If you try to guess at the answers, you’ll only get obvious, superficial results. To get to your deeper, true purpose, conduct some one-on-one interviews with sample members of each group that forms your market. They’ll give you the insights you need. For instance, while doing their own research, McDonalds learned their purpose, to a large extent, was to deliver uniformity from one location to another; to provide familiarity and comfort in a complex, bewildering world. Now they spare no effort to deliver exactly that, much to the satisfaction of many American travelers. That’s the level of understanding you want to get to. When you have the real picture of why people eat at your place, write a formal purpose statement from your market’s point of view, and in your customer’s voice.


Plank #3 – Brand Promise

What differentiates you from your competitors? There’s a wonderful film called Big Night. It’s the story of two competing Italian restaurants, just a block from one another. One is a struggling, fine-dining establishment. The other is a popular eatery, happy to trade on ethnic clichés and good cheer, but not too fussy about the food they serve. Both restaurants were playing to their strengths. What’s your strength? What’s the one thing you offer that nobody else can? Another way of looking at it: What customer can you serve better than anyone else? Again, you can uncover this when you do your one-on-one interviews.

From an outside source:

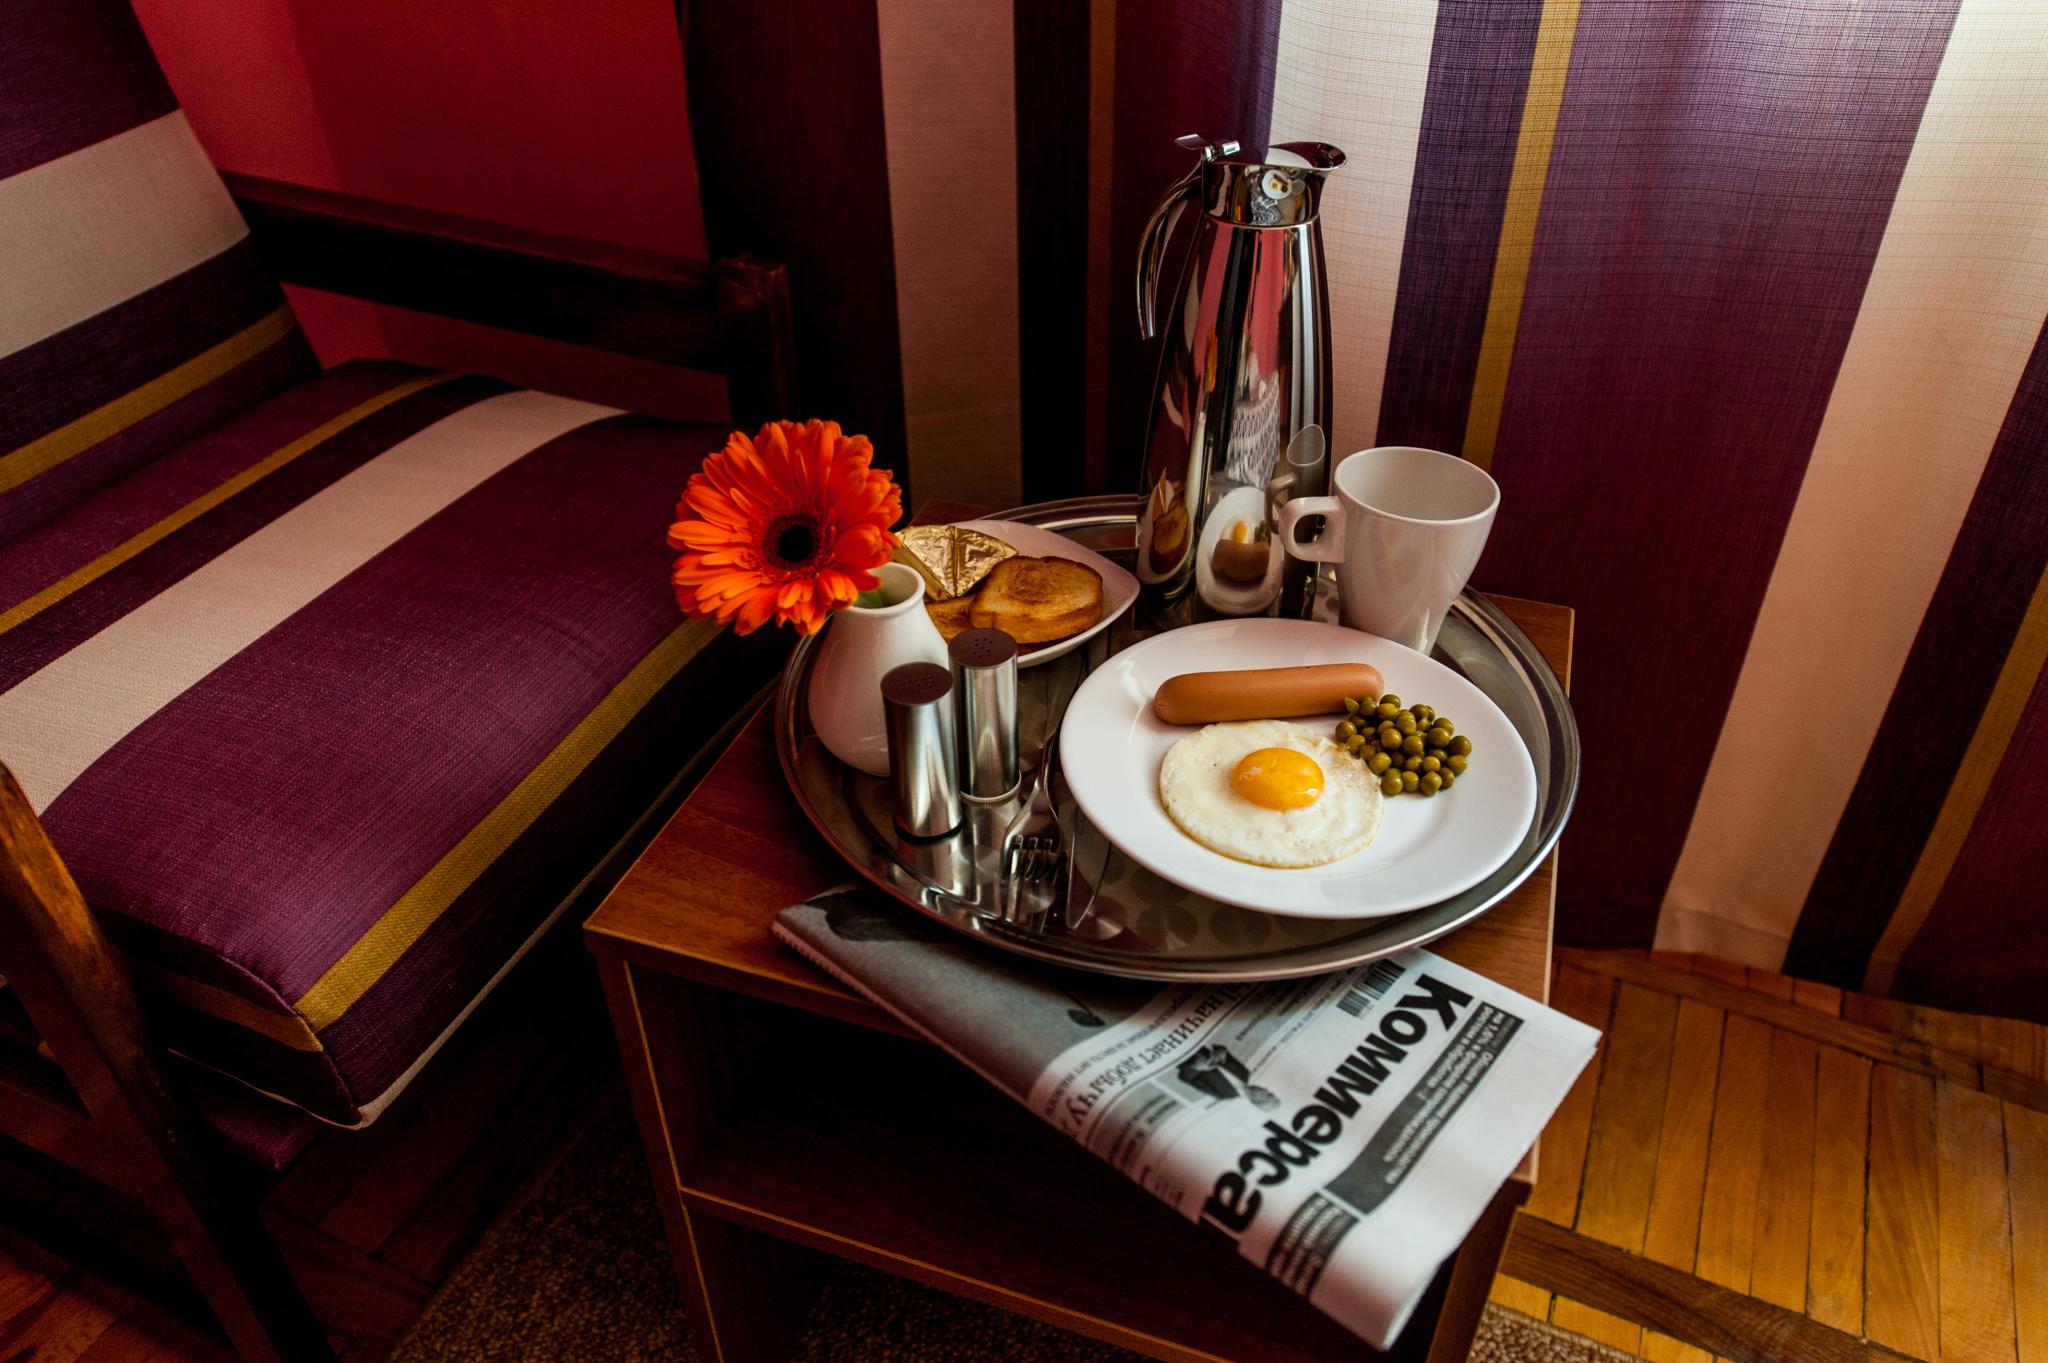 Отели ярославля с завтраком. Отель Bed and Breakfast. Отель бед энд Брекфаст Курск. ВВ (Bed & Breakfast). Кровать в гостинице с завтраком.

Plank #4 – Mission Statement

It should be stressed that the mission statement is an important plank in your brand platform and a great deal of care should go into drafting it. That said, it’s one plank that’s relatively easy to define. Simply put, your mission statement declares how you intend to fulfill your purpose, as defined in your purpose statement. Don’t worry about the tactics you’ll use to fulfill your purpose. They are likely to change over time. Keep your mission statement all about the long-term strategy or strategies you intend to pursue. The mission statement should put a lot of emphasis on how you intend to leverage your brand promise, or competitive advantage.

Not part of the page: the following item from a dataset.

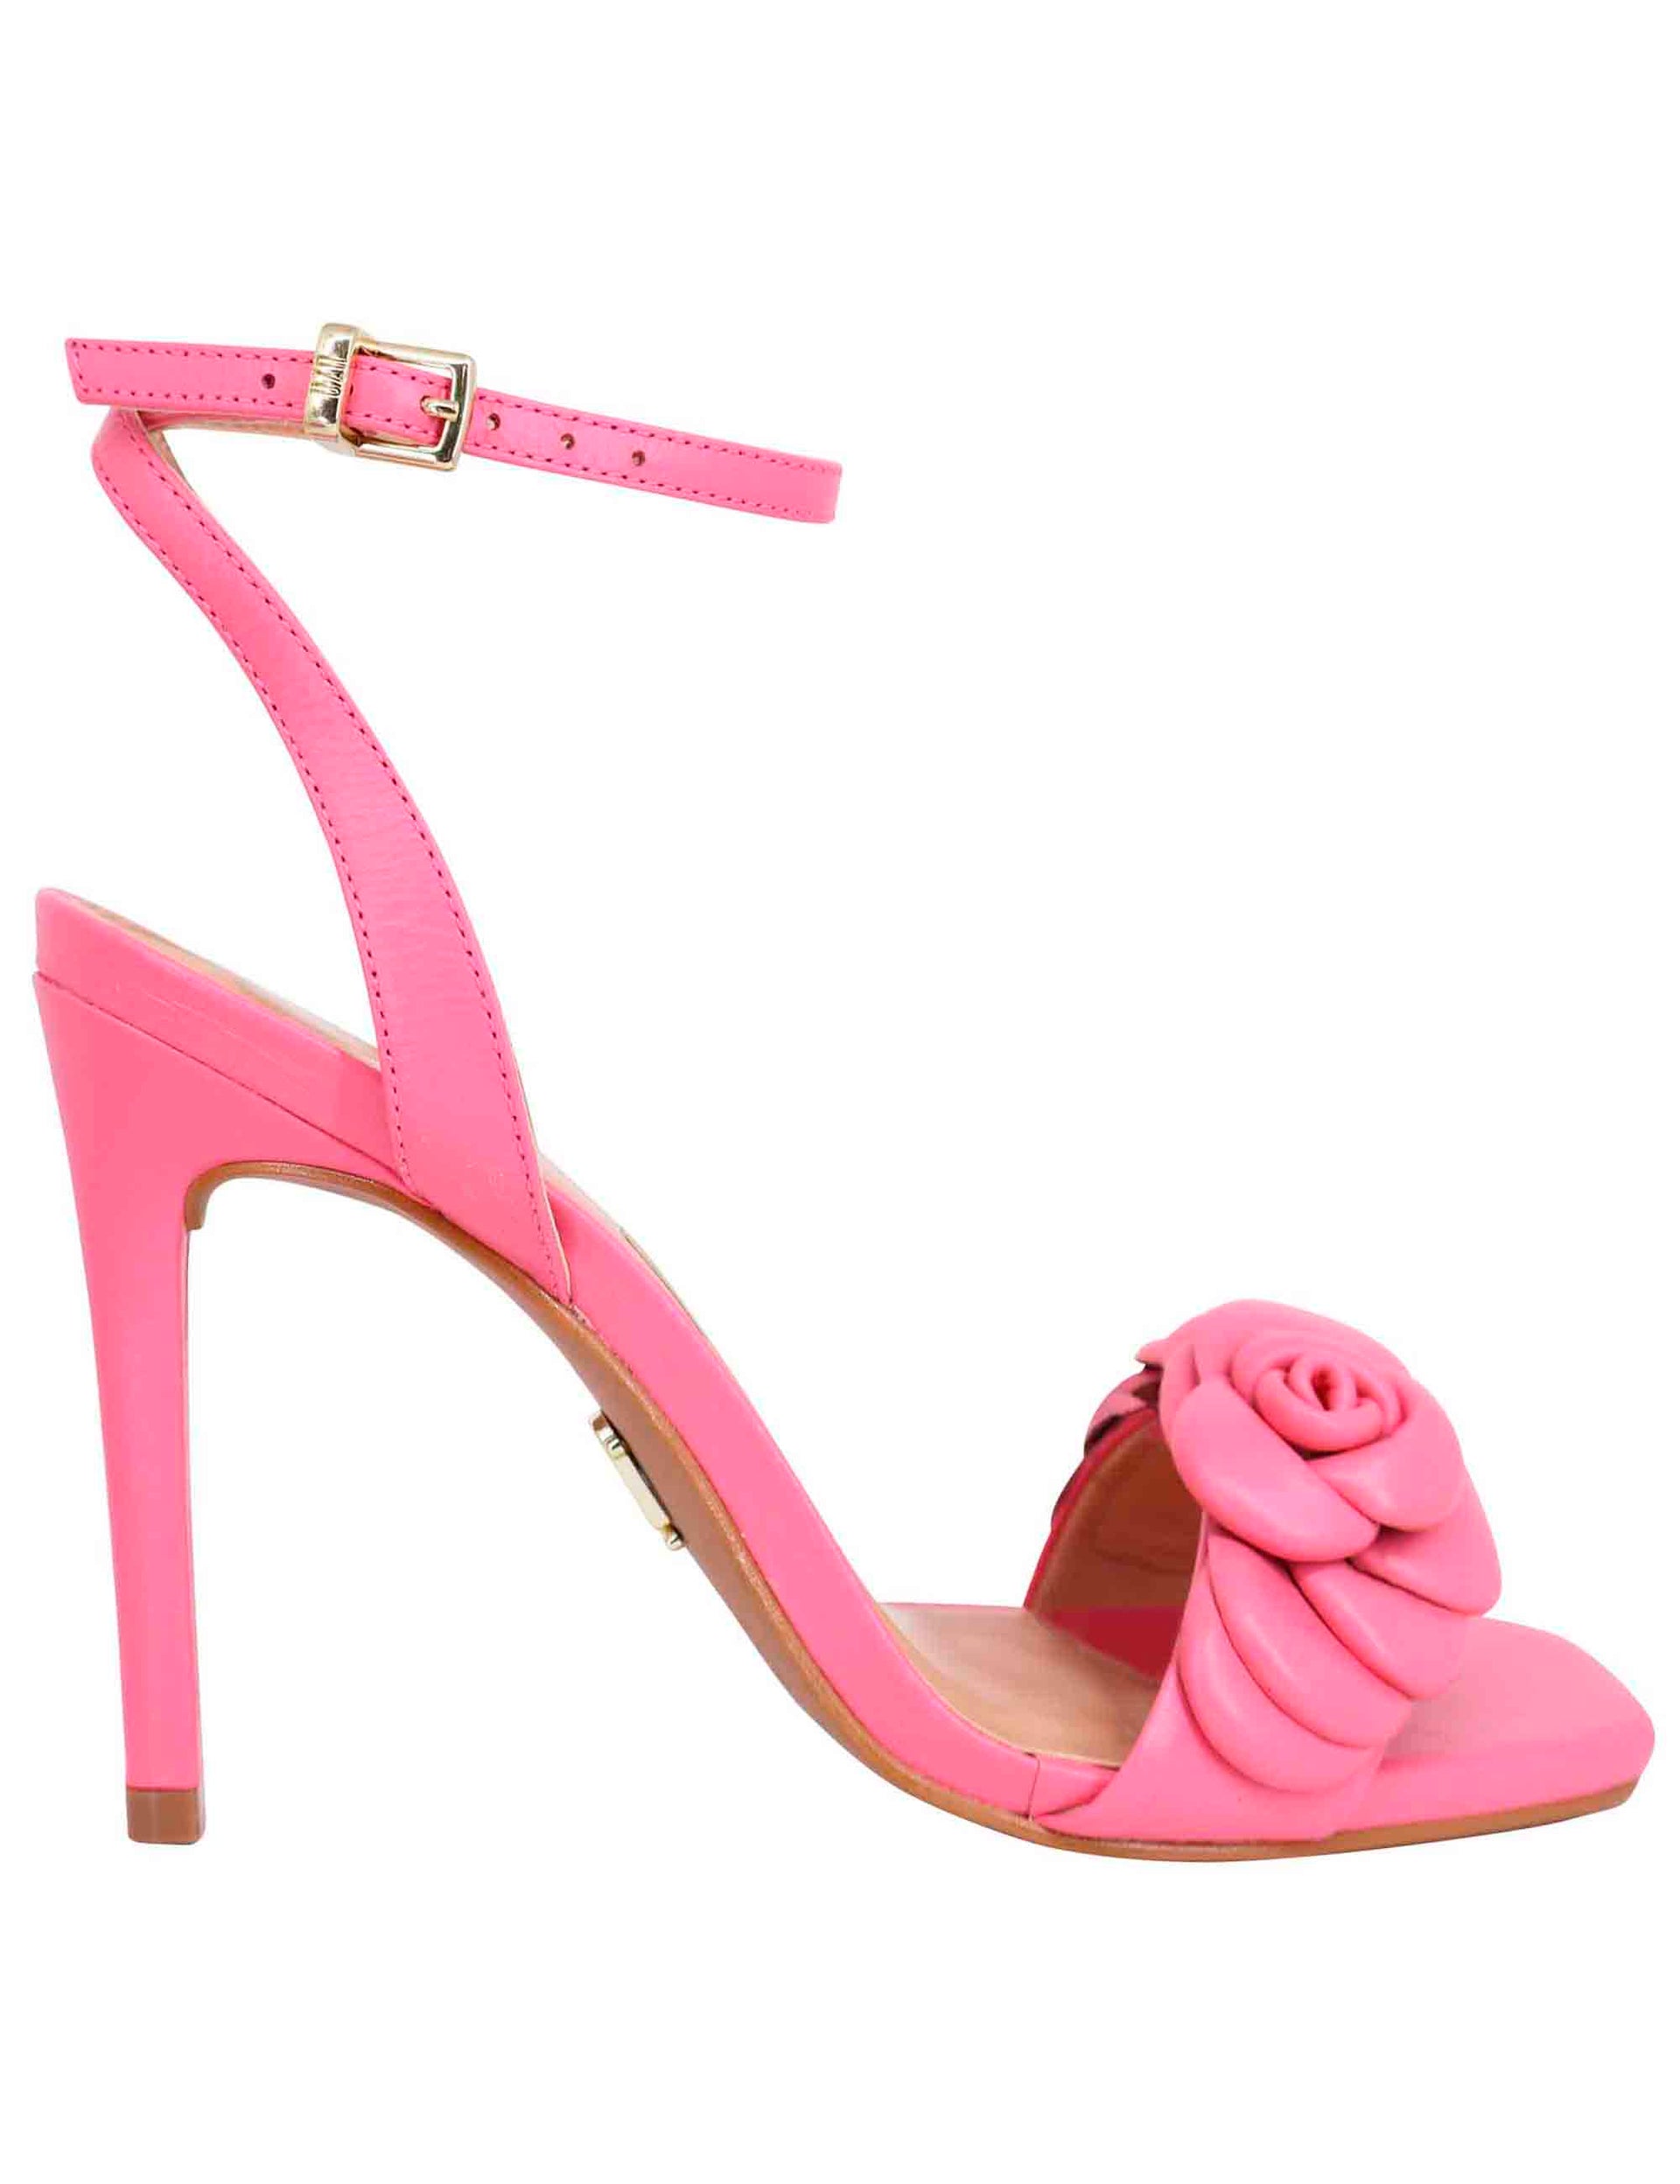 Sandali donna in pelle rosa con tacco alto cinturino alla caviglia e fiore in pelle

Plank #5 – Positioning Statement

Make sure you finalize the first four planks before tackling this one. The positioning statement defines how you want your brand to be perceived by the market. More to the point, the positioning statement defines how you want your market to experience your restaurant – and how you want them to feel about it. When people are asked to describe what they like or dislike about a brand, they often begin their sentences with, “I feel …”. Think about how you feel about the brands that matter to you. McDonalds? IHOP? That fantastic bistro around the corner? You get the idea. Base your positioning statement on your first four planks and on the insights you gleaned from your one-on-one interviews.


Plank #6 – Brand Strategy

In essence, the brand strategy is an outline that puts the first five planks into a cohesive, actionable plan. It takes your internal values, commercial offerings, and optimum customer experiences and puts them into the context of your competitive environment. It explains your unique position within the market and describes why that positioning is likely to drive business. A well-crafted brand strategy should be able to guide your restaurant for 15-20 years of success.

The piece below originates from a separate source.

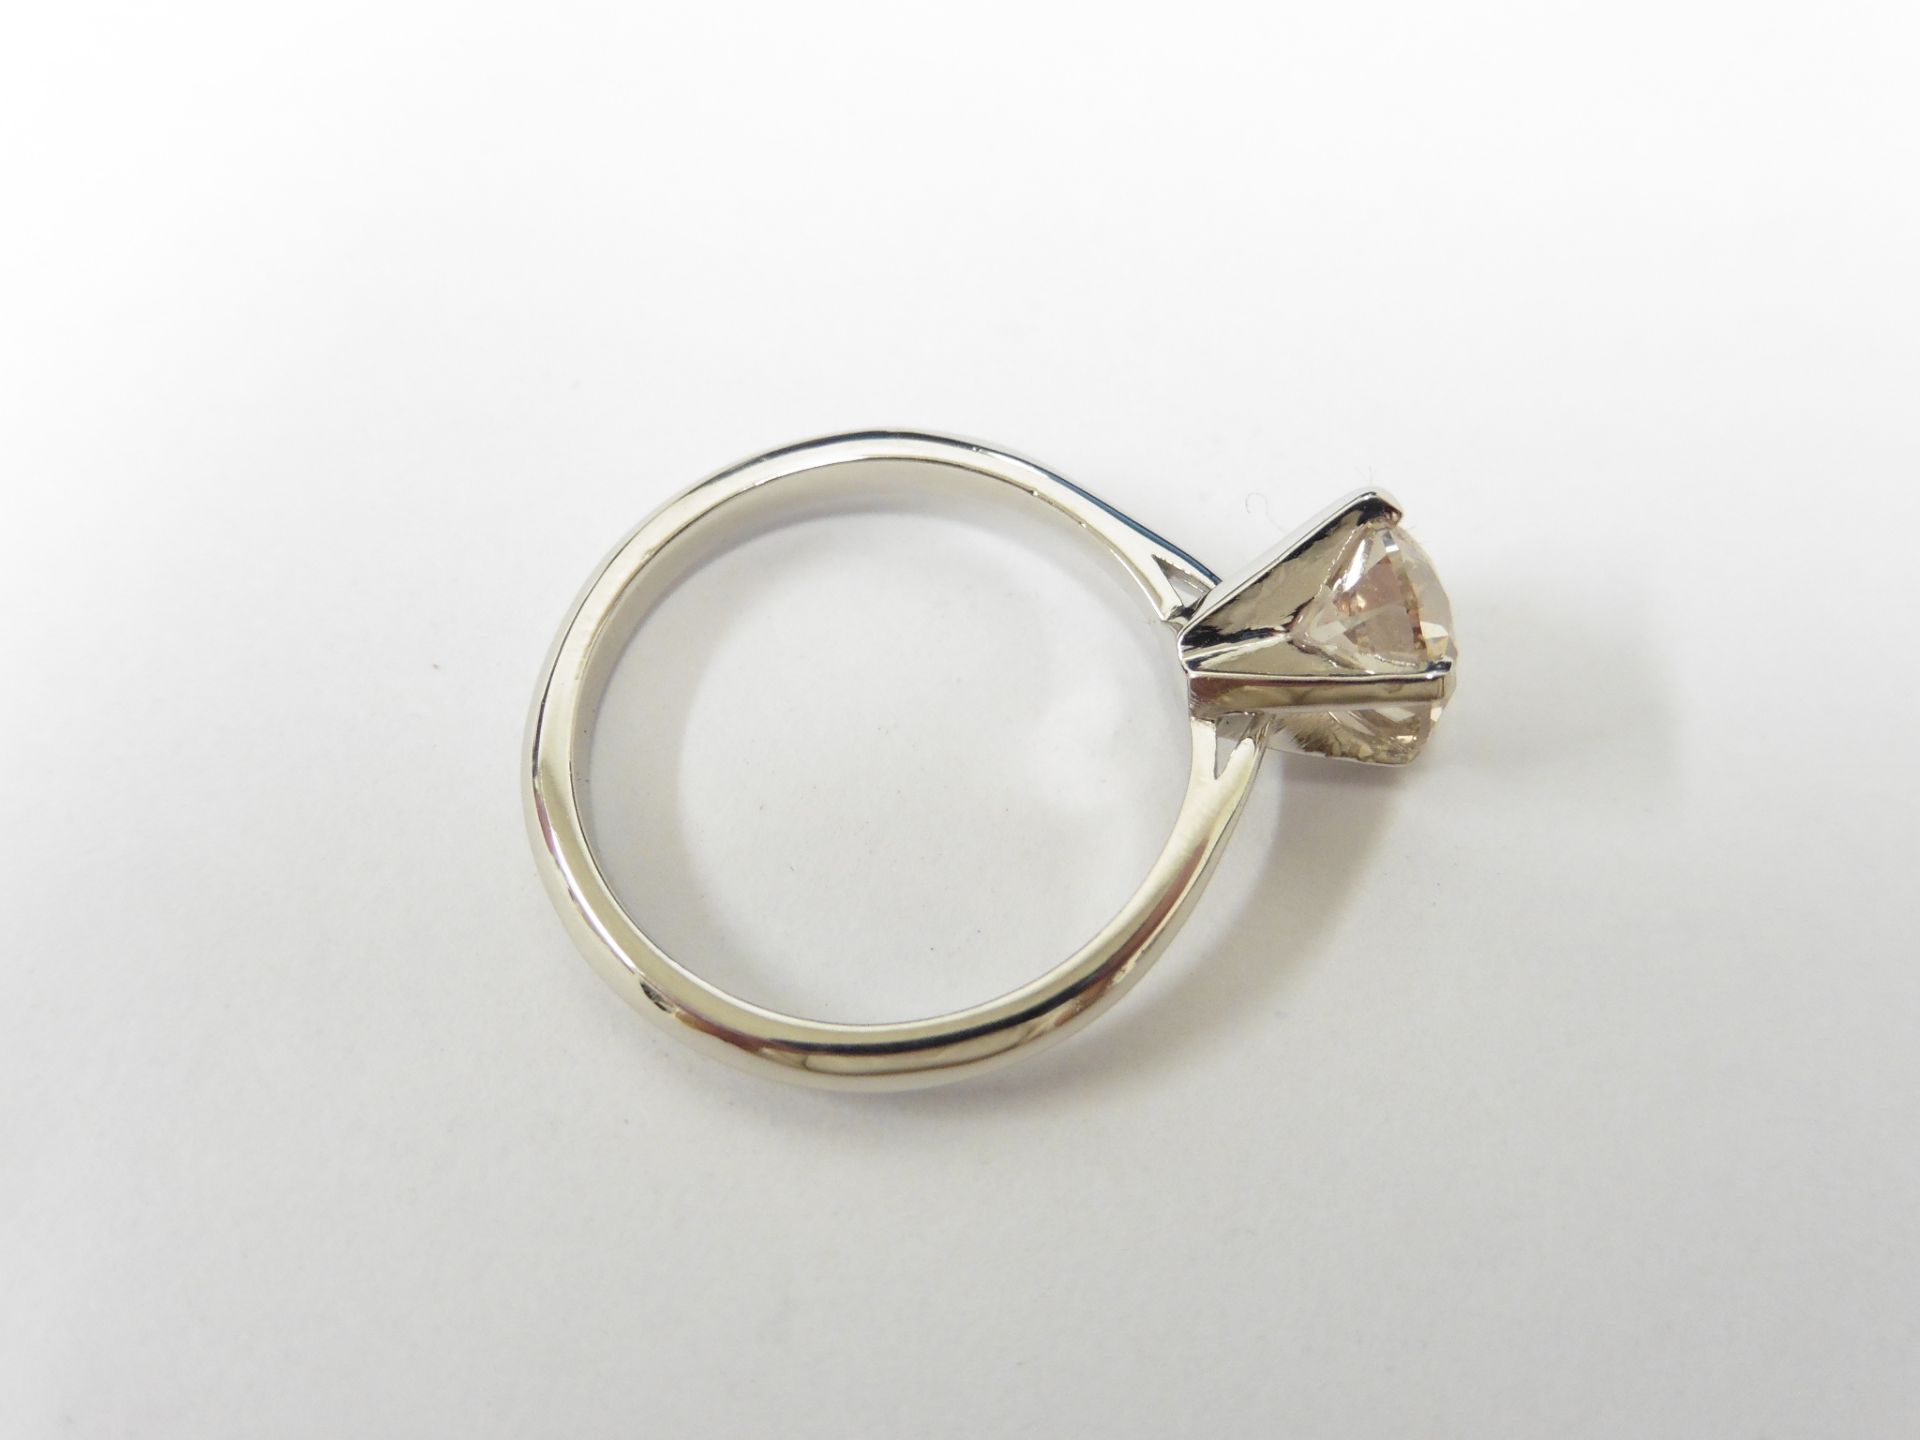 1.27Ct Diamond Solitaire Ring Set In Platinum. - Image 2 of 3

Marketing fails when it makes an offer to the market but forgets to communicate exactly who is making the offer and why. In today’s world, transparency matters more than ever. Diners want to know who they’re patronizing. They want to know who you are, why you’re in the restaurant business, and why they should care about your restaurant. The brand platform provides all that in a snapshot. It will be reflected in your decor, in your advertising, and in every touchpoint you have with your patrons. It will drive awareness, demand and revenue. And you’ll be rewarded with every marketer’s ultimate prize: Brand loyalty.